Whats the significance of * at the start of a C expression?

Question

Hi Folks, Just a quick question for folks who know a bit of c. Whats the significane fo a * at the start of an expression. as in...

If (this == thisThingOverHere)
ThisThing = *((WORD *) &Array[withThisPosition]);

You can assume WORD is a 16-bit unsigned and Array is an 8 bit byte array. Its surprisingly difficult to try and find out what is going on here.

Cheers

Answer 1

dereference a pointer and get the corresponding value.

example:

#include <stdio.h>

int main(int argc, char **argv) { 
     int *i_ptr;
     int i, j;

     i = 5;
     i_ptr = &i;

     j = *i_ptr;

     printf("%d\n", j);
     return 0;
}

prints 5

In C, you have memory locations (think kind of "boxes"), and values go inside them. Each memory location has an address, and you can store this address into a "pointer variable", which is declared with the type, followed by a *. For example, i_ptr is pointer to integer (int *), while i and j are integers. This means that in memory, three "boxes" have been allocated, two will be ready to contain actual numbers (i and j) and one (i_ptr) will be ready to contain an address to another box, and you inform the compiler that the referred box will contain a number.

with & you get the address of the box from the box name: &i gives you the address of i, and you can store it into i_ptr.

When you have the address of the box and you want to to visit the box and get the value out you use *, e.g. *i_ptr gives you the value contained into the box at the address contained into i_ptr.

Answer 2

this->value is the same as *(this).value it's to dereference the pointer.

Answer 3

C has an important and powerful concept of pointers. You should really learn about them - a good tutorial is available here.

If ptr is a pointer, then *ptr is the value it points to.

Answer 4

You have some missmatched parens in your expression. I am assuming you meant:

ThisThing = *((WORD *) &Array[withThisPosition]);

the

(WORD *) &Array[withThisPosition]

part is of type pointer to WORD. The leading * deferences the pointer. So

*((WORD *) &Array[withThisPosition])

is of type WORD.

Answer 5

It's probably easiest to look at the expression in pieces, then put them together.

&Array[withThisPosition]

This much gets the address of the element at withThisPosition in the array Array. If you chose to, you could write it as: Array+withThisPosition instead.

(WORD *)

This it saying to take whatever comes after it (the bit above) and treat it as a pointer to a WORD.

The initial *, then says to dereference that pointer -- i.e. look at whatever it points at.

Overall, this is finding a position (withThisPosition) in Array, and looking at a WORD at that address, and assigning the value of that word to ThisThing.

Answer 6

The use of * in C is a little confusing because it has two different but related meanings. Your example is confusing because BOTH of those meanings are used in the same line of code.

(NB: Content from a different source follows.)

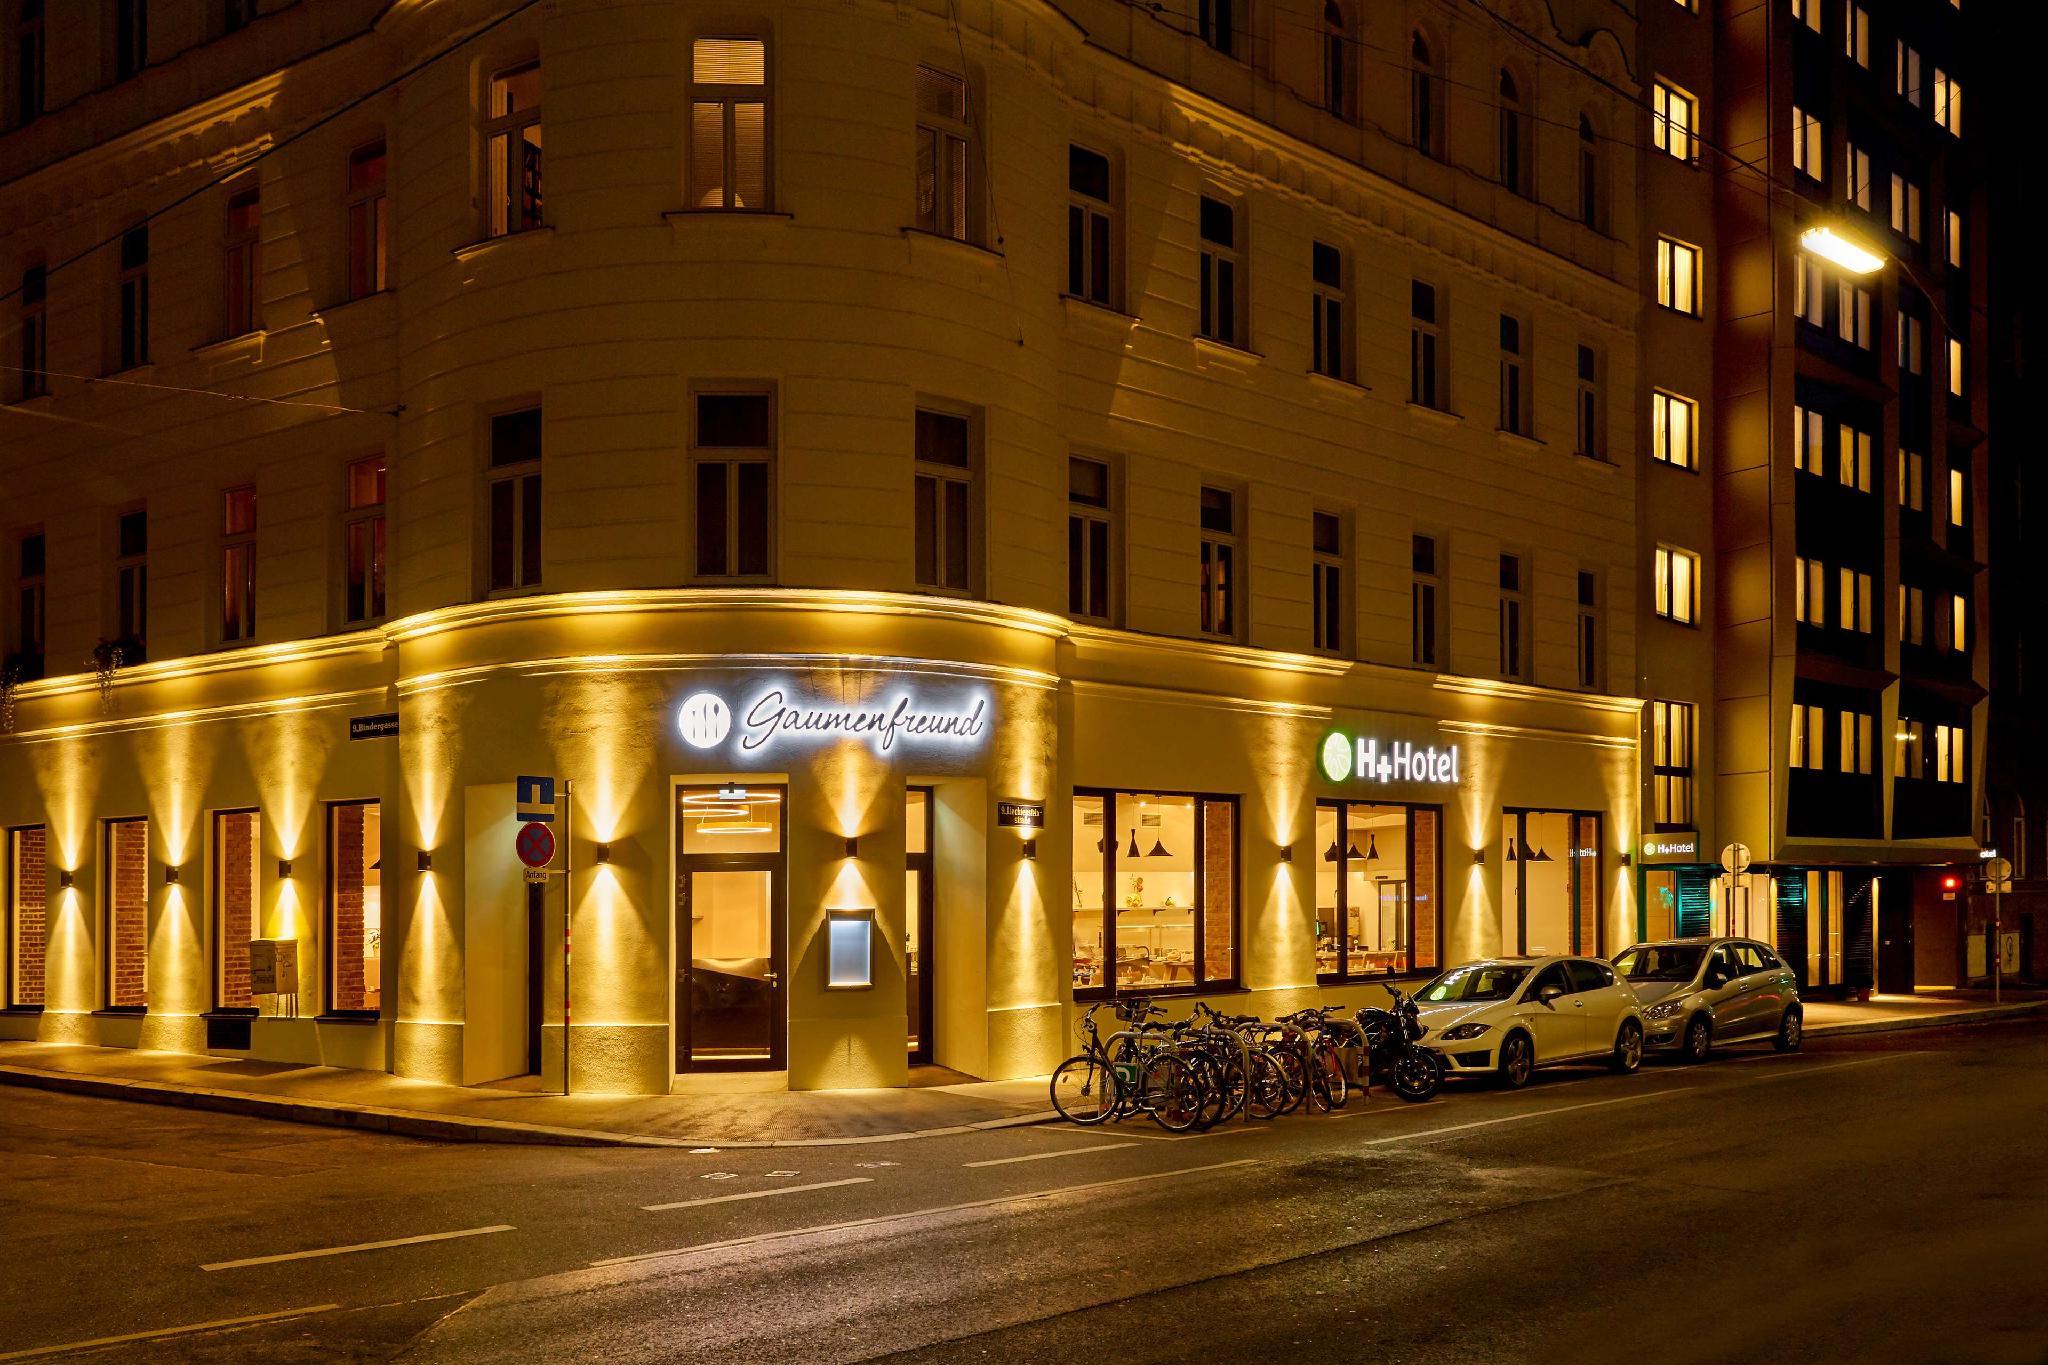 H+ Hotel Wien 写真

When immediately adjacent to a type, the * is a modifier that indicates you are referring to a pointer to that type. This is most commonly seen in variable declarations, but can be used in casts as well, as you see here with (WORD *).

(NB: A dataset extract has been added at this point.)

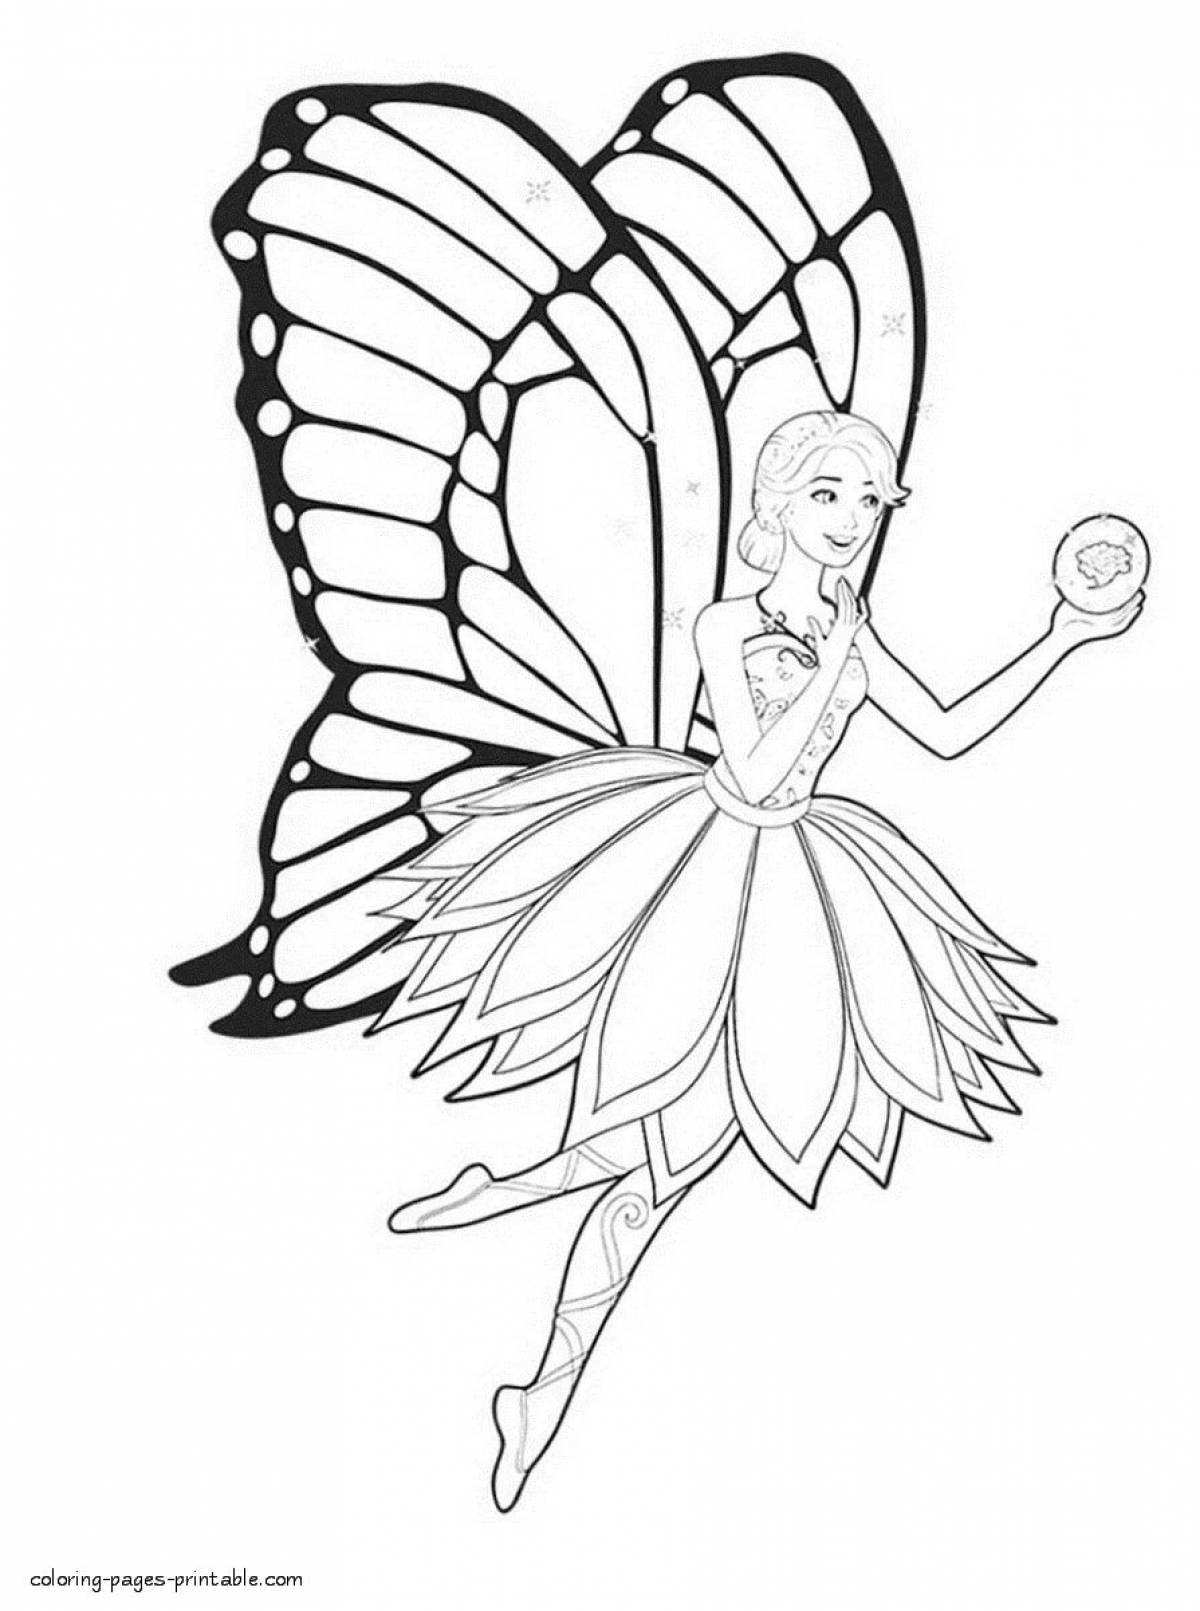 Раскраски Бабочек - распечатать в формате А4 | Раскраски, Принцесса раскраски, Шаблон бабочка

When not used with a type, * is a unary operator that dereferences a pointer. In other words, it takes the value of the operand, treats it as a memory location, and returns the contents of that location. The operator also determines what variable type the operand is pointer to, and cast the value at the memory location to that type. The compiler will usually do checking to ensure that the operand is in fact a pointer. In this case, the compiler knows &Array[withThisPosition]) is a pointer to a byte, because Array is an array of bytes.

Getting back to your question, USUALLY when * is at the beginning of a C statement, it is the dereference operator, but I won't guarantee this is always the case.

Pointers gave me way fewer headaches once I separated the two meanings of * in my brain.